Ashraf Amra/APAIMAGES
Ashraf Amra/APAIMAGES

Hamas, the radical Islamist entity which rules the Gaza Strip, carried out mass beatings and arrests to shut down a protest on Wednesday.

Over 400 Gazans took to the streets of Shejaiya to express their discontent, but they were quickly shut down after plainclothes Hamas police officers ran into the crowd and carried out a number of beatings, AFP reports.

Shejaiya, a neighborhood in northeast Gaza, was heavily hit by Israeli forces in a war between the Jewish state and Hamas in the summer of 2014. Much of Shejaiya was left in ruins after Hamas conducted missile launches into Israel from inside the city. The terror group frequently used women and children as human shields to carry out the indiscriminate rocket attacks against Israel’s civilian population centers.

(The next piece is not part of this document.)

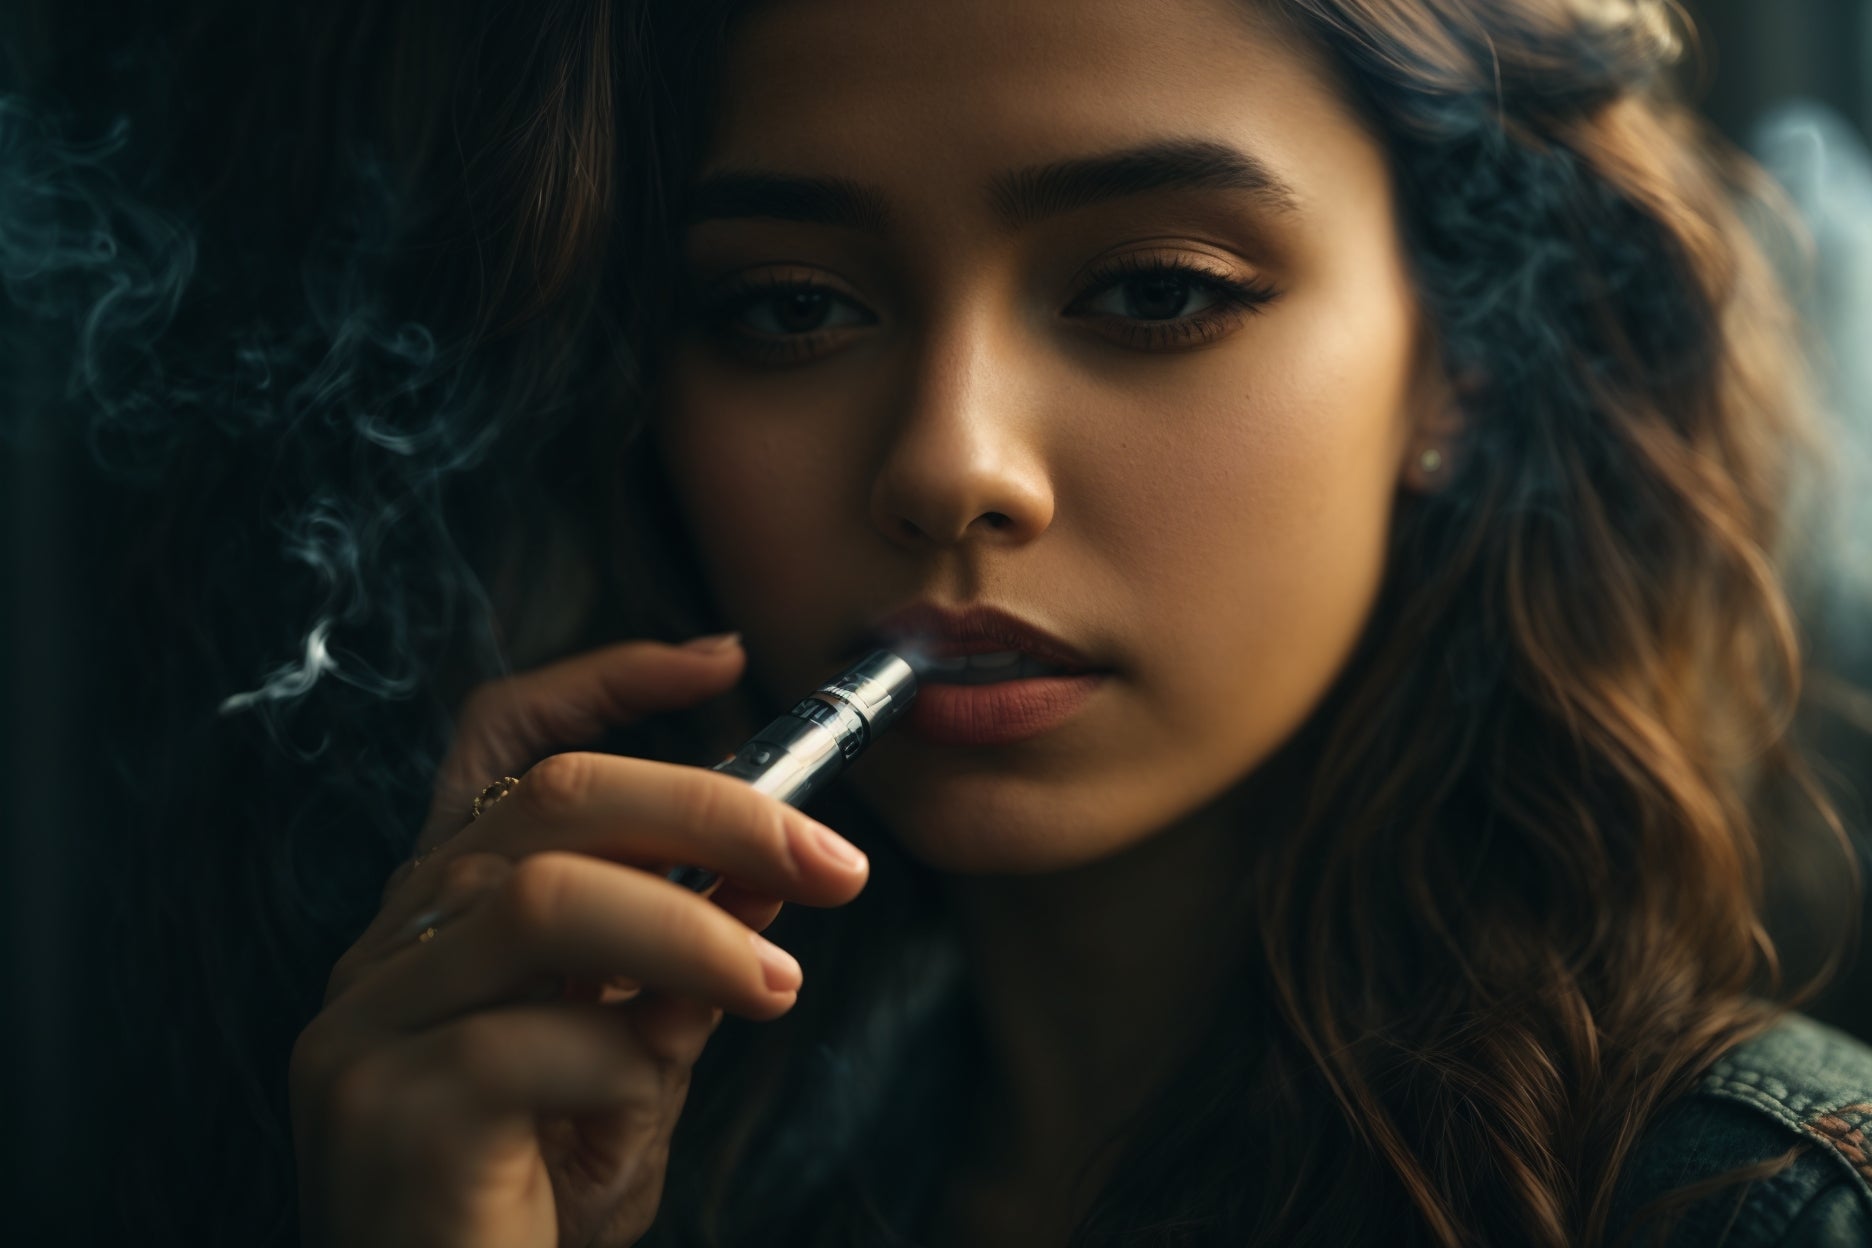 Disposable E-Cigarettes Explained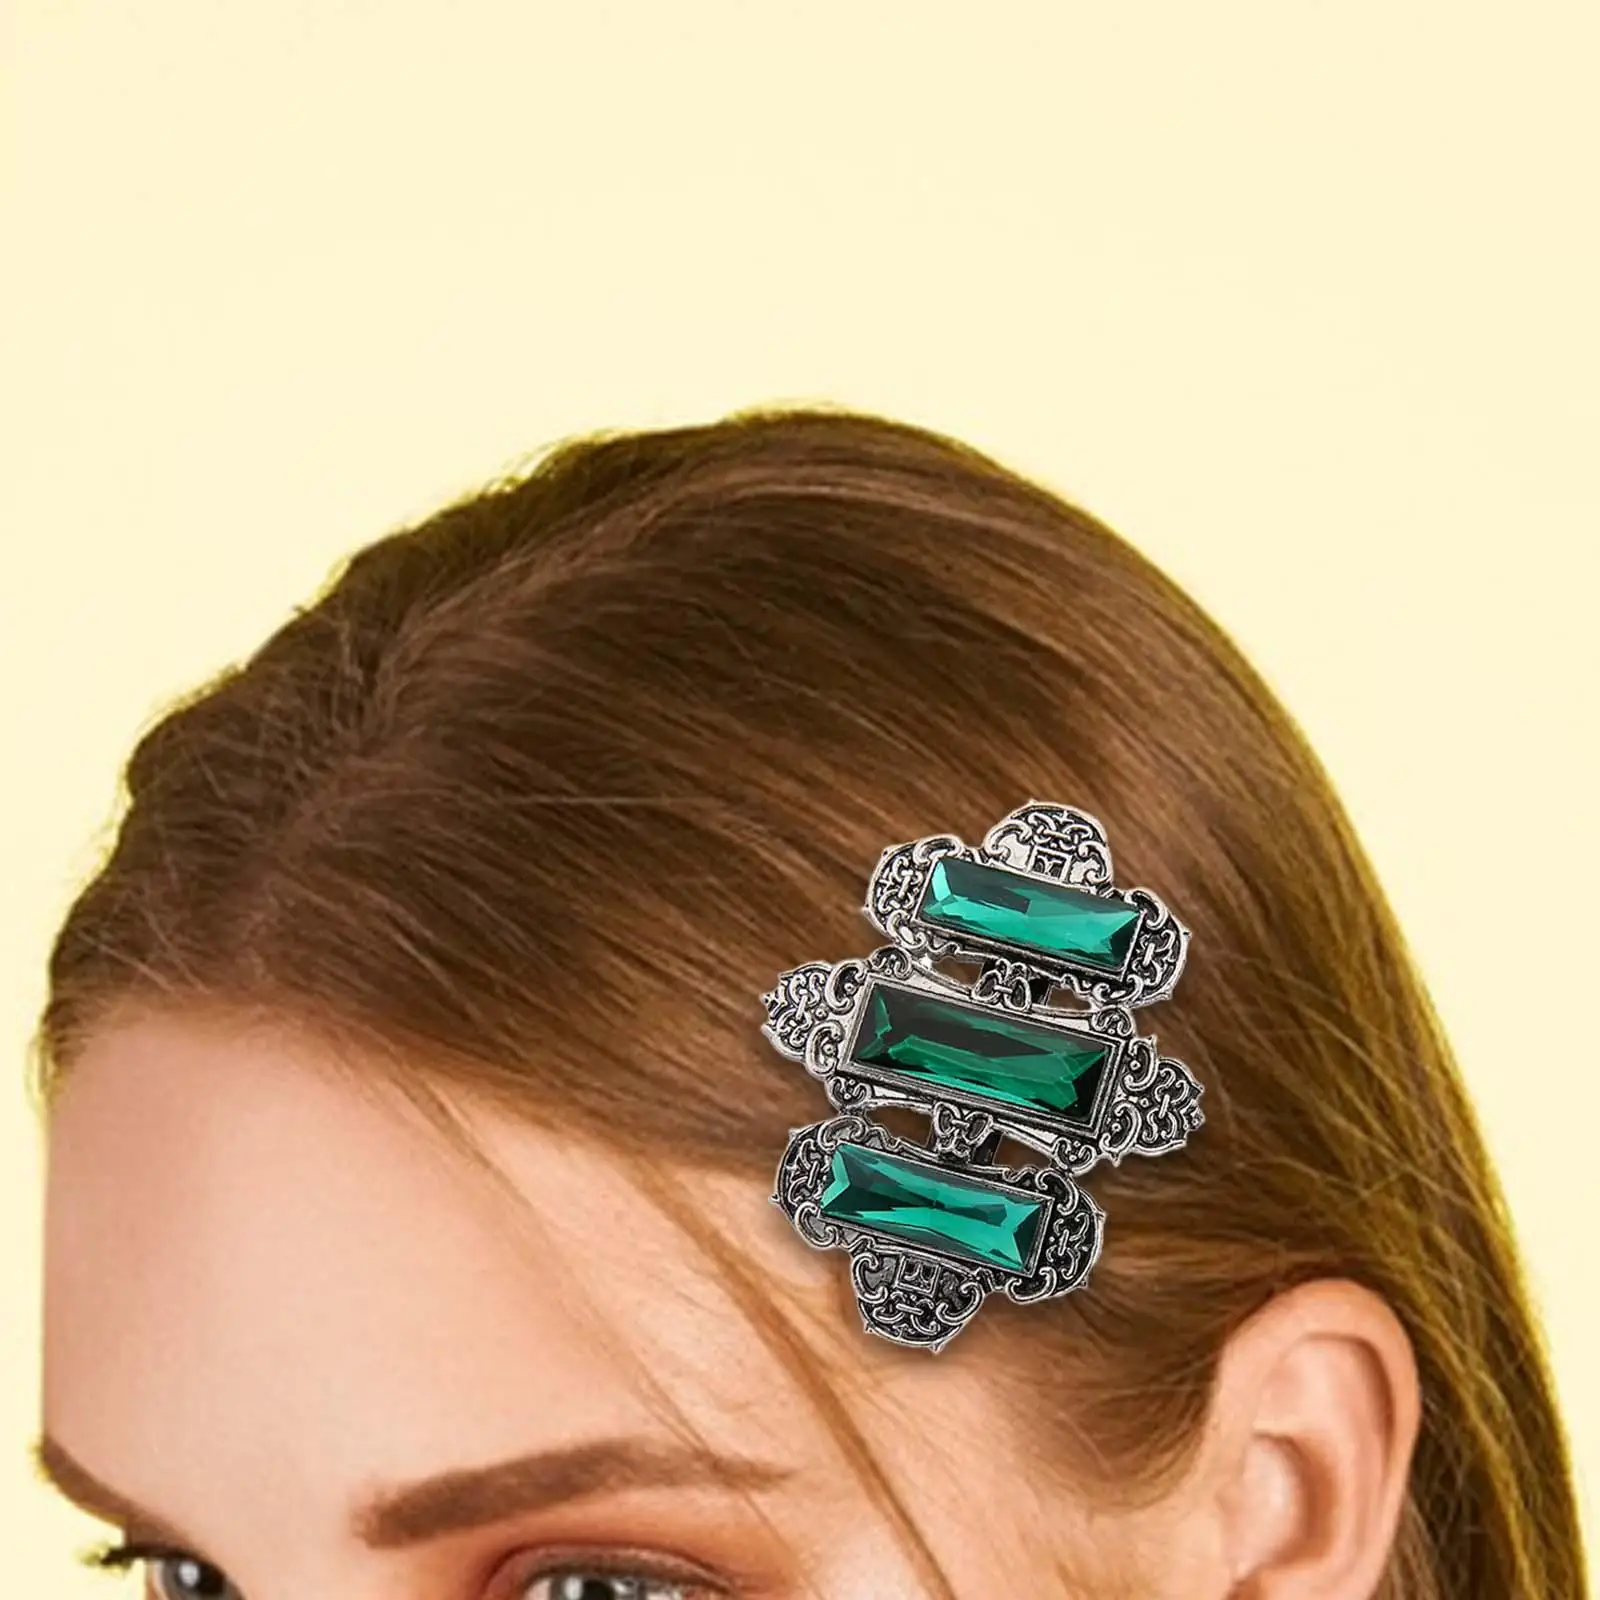 Duckbill Clip Hairpins Hair Accessory Fashion Headwear Metal Barrettes Gift Decorative for Prom Makeup Birthday Wedding Bridal

After the beatings, the Hamas authorities arrested at least seven individuals who participated in the protest, a witness told AFP.

The Hamas Interior Ministry claimed that police had to step in “to protect the lives of those participating, after which calm prevailed.”

Hamas has a long track record of violently shutting down protests in Gaza and sometimes takes extreme action to discourage public dissent. In July 2014, 20 Gazans who took part in anti-war protests were immediately rounded up and shot dead by Hamas police, according Israel’s Channel 10 news.

The Palestinian Islamist group seized authority over Gaza in 2007 after Israel unilaterally withdrew from the territory in exchange for hopes for peace with the Palestinians.

Hamas’s charter explicitly calls for the destruction of Israel and the killing of Jews. In March 2014, its chairman, Khaled Mashaal, reaffirmed the group’s genocidal principles. Mashaal said that one’s greatest achievement in life is to die a martyr, and that Palestinians should always be seeking Israel’s destruction.